POTENTIAL AUDIENCES & SUGGESTED ACTIONS
| Who? | Why? | What? (Actions) | How? (To Proceed) | What To Read? |
|---|---|---|---|---|
| Executives; managers; decision-makers (including CIO's) | Data naming is key to maximizing the value of data resources (and resource investment), sharing data with others, meeting customer data needs, & realizing other business benefits |
|
|
Strongly suggested:
For the technically inclined or interested:
|
| Data Administrators | DA is responsible for the integrity of the organization's data resources. | Read this document if general background, or information about DA or data naming, are needed. |
|
Strongly suggested:
|
| Data Base Administrators; Systems Analysts | Needs to understand the role of DA - and its perspective on data naming; how to work with DA. | Read this document if general background, or information about DA or data naming, are needed. |
|
Optional (but recommended):
|
| Business Analysts | Needs to understand how DA facilitates data sharing and data access; how to work with DA. | Read this document if general background, or information about DA or data naming, are needed. |
|
Optional (but recommended):
|
| Creators of vendor performance contracts for data-related services | Needs to understand the impact of DA, and data naming standards, on future vendor performance contracts. | Read this document if general background, or information about DA or data naming, are needed in order to prepare contracts or contract performance clauses. |
|
Optional (but recommended):
|
Why Should Data Naming Be Important to an Agency?
'Data names' are unique identifiers of data that provide links to information about specific data, or to the actual data itself. A data name identifies data in the same way a person's name identifies a person. However, there is an important difference between data names and people names: there are no naming standards for people to prevent two people from ending up with the same name. Data names, when developed using data naming standards, are unique and accurate identifiers that prevent duplication within a particular environment.
Properly created data names are used to help manage data resources by ensuring integrity (without duplication), providing clarity of meaning, and making data accessible to those who need it through precise identification of the required data. Data naming standards are typically developed and administered by a data administration function within an organization. Data administration is part of the data perspective within an organization's IRM (Information Resource Management) program. Appendix I, pages 1-3 show how IRM and data administration fit together and contribute to the quality of information resources.
Data naming is not a new activity: state agencies already establish data names on a regular basis as part of developing information (data) resources. However a formal data administration program that includes a data naming strategy and standards, is important for consistently achieving the desired business benefits.

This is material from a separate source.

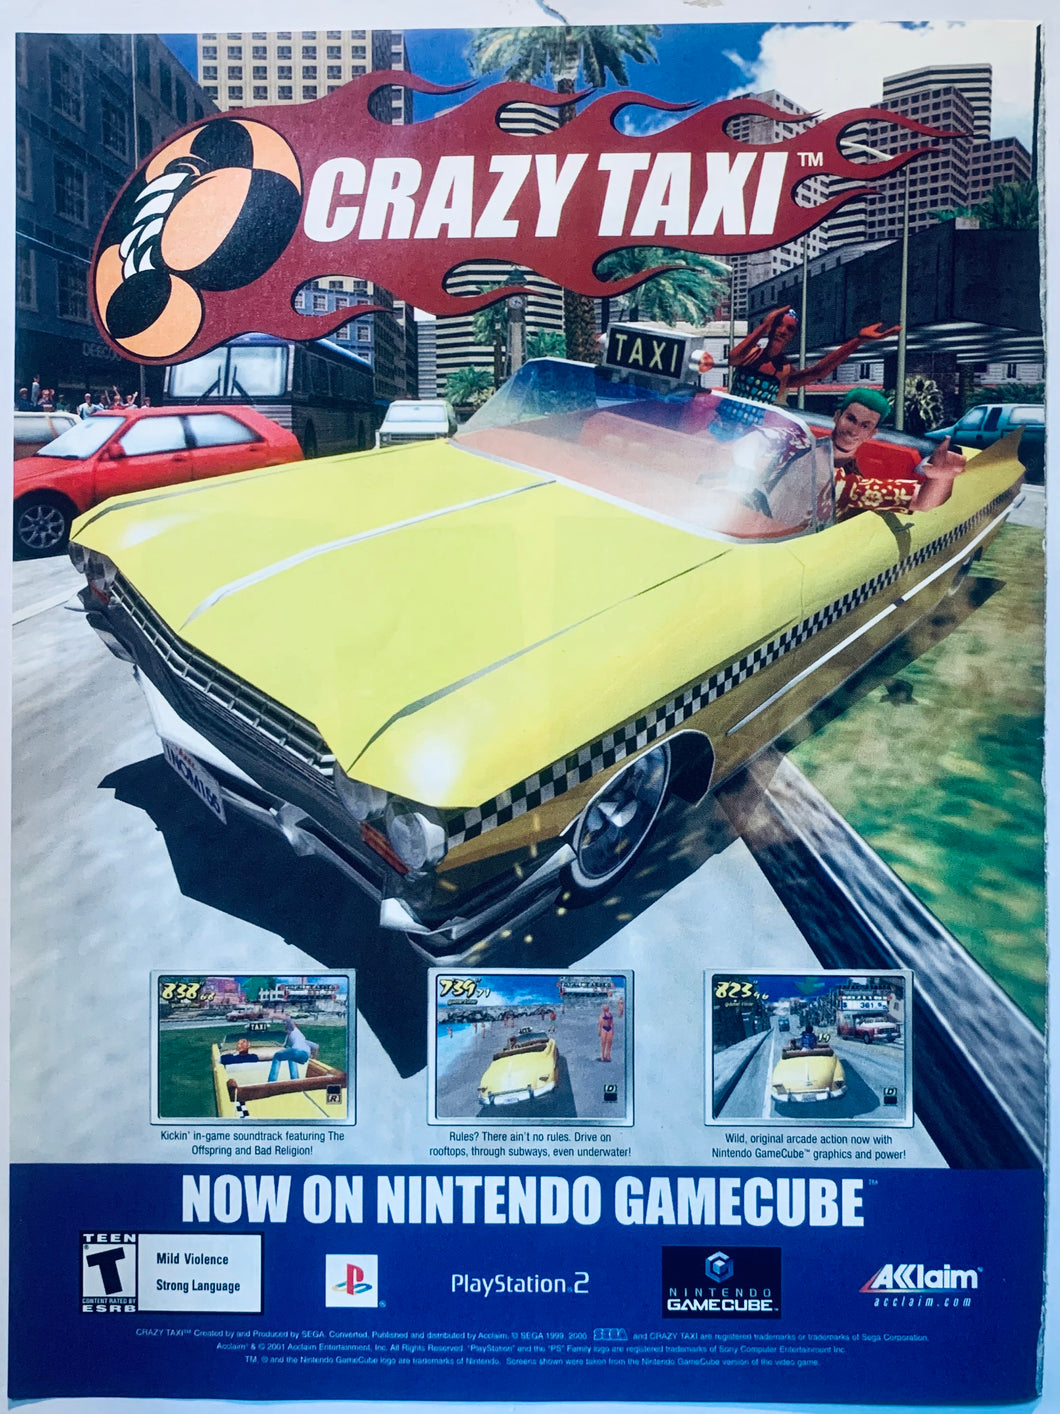 Crazy Taxi - NGC PS2 - Original Vintage Advertisement - Print Ads - Laminated A4 Poster

An example of the use and value of good data names is the Yellow Pages of the phone book. Unique data names have been developed for use in the Yellow Pages. The "data naming strategy" within the Yellow Pages ensures integrity without duplication by maintaining a category, 'Automobiles', without also maintaining the redundant category, 'Cars'. Those who try accessing information about 'Cars' find a cross-reference to 'Automobiles', instead of a duplicate listing under 'Cars'. Without naming standards, it is unlikely the Yellow Pages could have avoided having some entries under 'Automobiles' and others under 'Cars'.
However the Yellow Pages example is somewhat oversimplified in terms of the data naming problems faced by most large organizations today. A more appropriate analogy might be an effort to standardize all Yellow Pages across phone companies. Since no naming standards existed across phone companies in the past, it is likely there are multiple naming standards in place. A feasible approach to consolidation might be to provide cross referencing between phone books based on a newly developed set of standard names. The new names could then be cross-referenced to any number of phone books, while providing a point of continuity between the books. As long as one started a search from the new standard names, any existing book could be accessed, thus leading to data sharing among phone companies.
Within most organizations today, varied computer systems, data base managers and programming languages have been responsible for a proliferation of data naming standards. In effect, organizations today are faced with the equivalent of multiple Yellow Pages to consolidate, both within their organizations and externally when they share data with other organizations.
A good data naming strategy with proper discipline and management can help with data consolidation by providing a common point of continuity. Good data names also help reduce data costs (especially those associated with data redundancy) and improve the quality of data and other information resources. Data is a valuable asset that needs to be managed and protected like any other valuable resource. The value of data assets can be maximized by keeping data management costs to a minimum while maintaining - and improving - data quality.
Business Benefits of Having a Good Data Naming Strategy
The following list includes some of the business benefits that can be realized through the use of a good data naming program:
DATA NAMING RULES In order to share data between organizations, or between computer systems within an organization, data must be uniquely and accurately identified. Accurate identification ensures that data can be defined in one place, and then shared with, or transmitted to, another place without losing its meaning or clarity. Data meaning and clarity are enforced through data names that have consistent formats and content. Standardized data names are developed based on two types of naming rules: format rules and content rules.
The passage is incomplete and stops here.